〇保健福祉部長(野原勝君) 入院医療体制についてでございますが、県では、岩手県新型コロナウイルス感染症医療体制検討委員会を設置し、新型コロナウイルス感染症の蔓延状況や患者の重症度に応じた病床数の確保などの医療提供体制の構築のほか、軽症者等宿泊療養施設の整備を進めてきたところであります。
 また、各地域においても、新型コロナウイルス感染症と一般医療の医療体制を確保するため、保健所主催の圏域調整会議により、二次医療圏内における医療機関の役割分担を進めてきたところであります。
 議員御指摘のとおり、今後クラスターが拡大し感染者や重症者の増加も想定されることから、二次医療圏を超えた入院調整が円滑に行われるよう、県庁に設置しております入院等搬送調整班による広域調整により、オール岩手で対応する医療提供体制を構築しています。また、医療提供に当たり特別な配慮が必要な小児、周産期、透析患者等に適切に対応するため、それぞれの分野における医療提供体制も構築しています。
 引き続き、限りある医療資源を有効に活用し、新型コロナウイルス感染症の患者に必要となる医療の提供に努めてまいります。

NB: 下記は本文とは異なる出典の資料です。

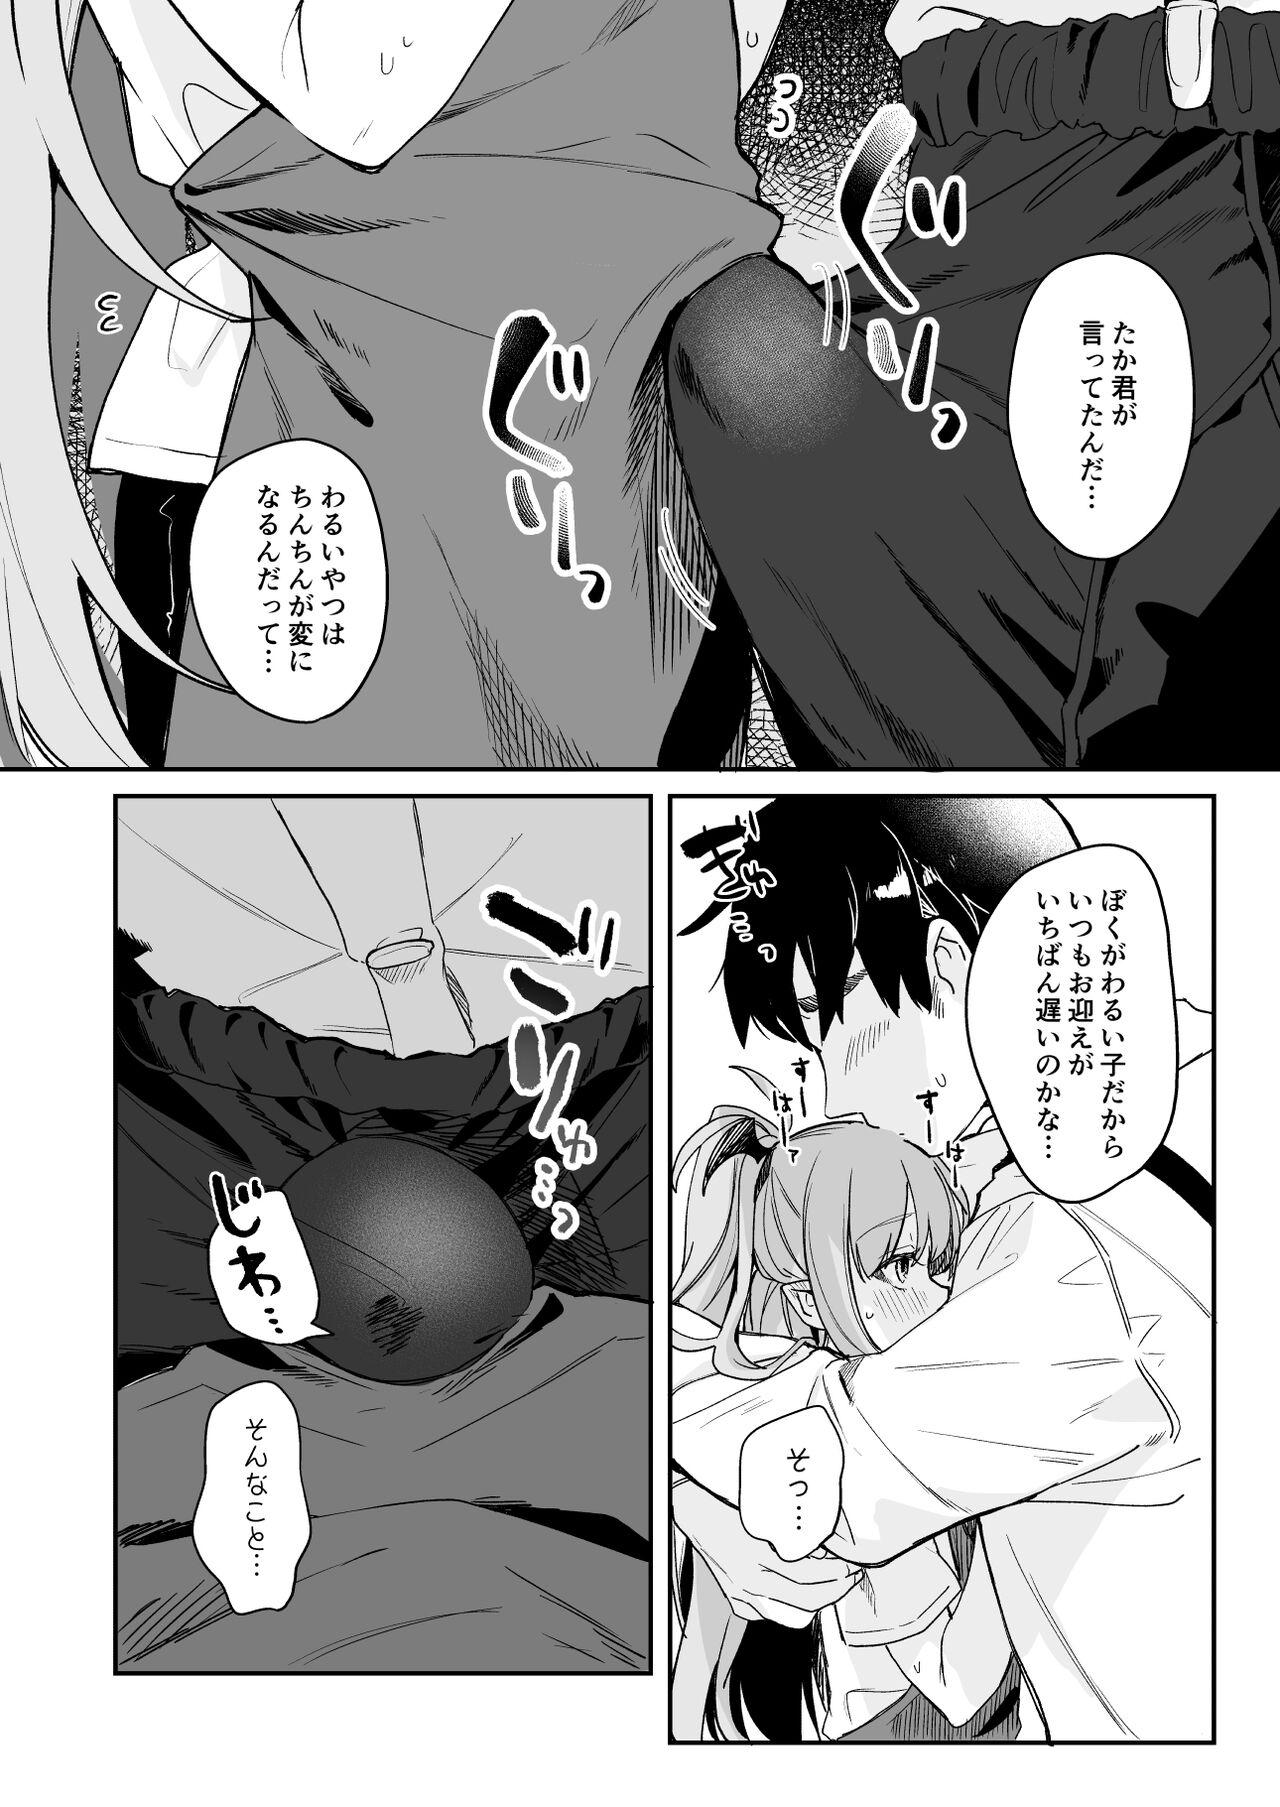 Gozada [Tamano Kedama] Kodomo no Hi (Imishin) ni Mukete Manga o Kaku - Original Gagging - Page 6

〇48番(飯澤匡君) 広域で支え合ってやるということは理解しましたが、私の質問の趣旨は、二次医療圏ごとの数について最大限どれぐらい受容できるのかということです。これは大都市圏などではかなり弾力的にやっているようでありますが、一定程度、これ以上ふえるとかなり大変だということを、感染予防の観点から一般の県民にも示していくことが必要かと思うのですが、その点について触れられなかったので、もう一度答弁をお願いします。
〇保健福祉部長(野原勝君) 県の感染状況を見ますと、例えば先日までは宮古圏域で患者が多かった。今ですと盛岡圏域で患者が多いというように、県内全体でというよりも、圏域ごとにクラスターが集中して患者も集中する状況にございます。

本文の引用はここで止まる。